6:23 So this will let us compose these things so we can actually create pipelines from one to the next. So let's run our even Fibonacci through here
6:32 and we should get only the even numbers that are also coming from the Fibonacci set and remember,
6:37 this is an infinite sequence because we are starting out with the innermost bit, an infinite sequence, which itself is a generator
6:46 that will take as many items are there and pass them back. But because we don't actually do the work on this part until we pull on it,
6:54 and we don't do the work on this part until we pull on it, it goes something like this,
6:58 pull here, that means go pull this, which pulls on this, which will pull on this piece,
7:03 one item at a time and then when we decide down here we are done, we'll break out. So look at this, we have the even Fibonacci numbers,
7:12 and there is not many so 2, 8, and 144. Here they are, brilliant. If you want more, we can get more.
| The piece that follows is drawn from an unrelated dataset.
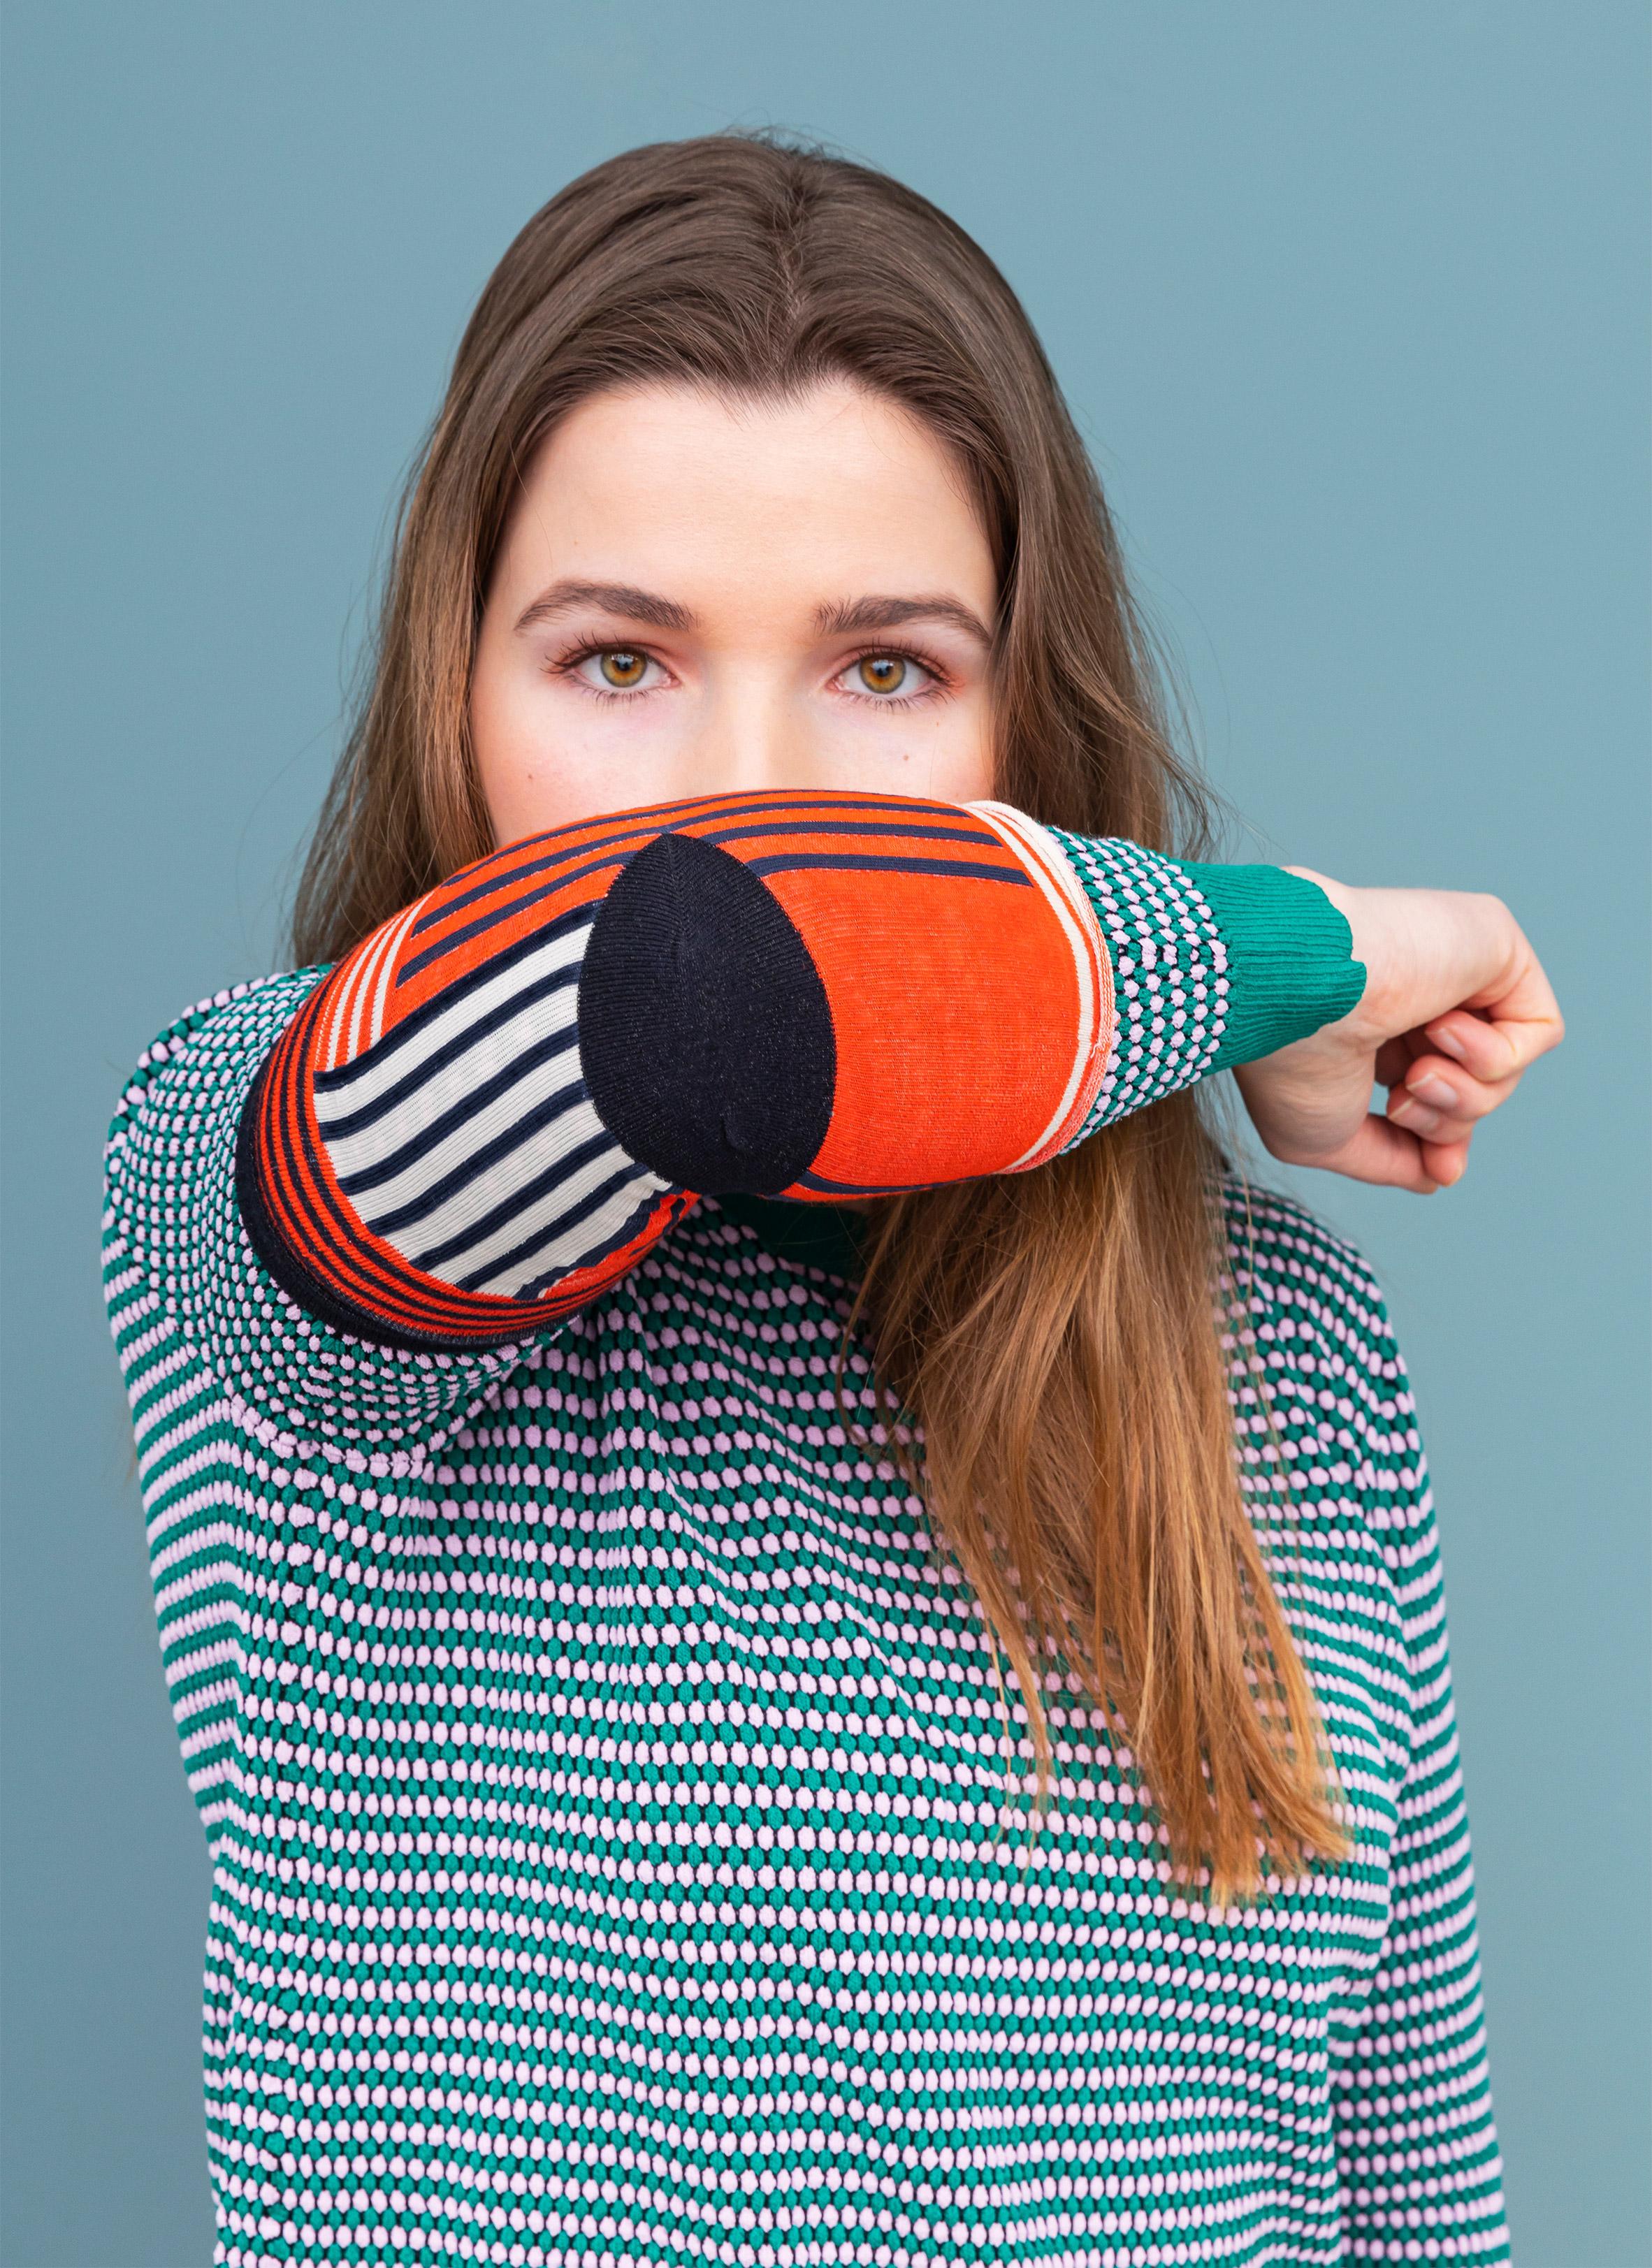 Elbow Sock for coronavirus by Raw Colour

7:21 Want up to 10 000, no problem, there they are, 10 000; up to a million, there they are up to a million. Boom, like that.
7:30 All right, so let's look at this in a graphic, remember, we already talked about our algorithm here,
7:36 it's a perfect implementation of Fibonacci but it has the limitations where you have to say how many you want
7:41 before you actually get a chance to look at the numbers, and you can't look at too many or you'll run out of memory
7:46 if for some reason you had infinite memory, you'd run out of time. We can switch to a simpler version using the yield keyword
7:53 create this as a generator and it actually does no work until you start pulling on the generator.
8:00 More of what we saw that you can write multiple generators and compose them in a pipeline style which is really awesome
8:06 especially in things like data science.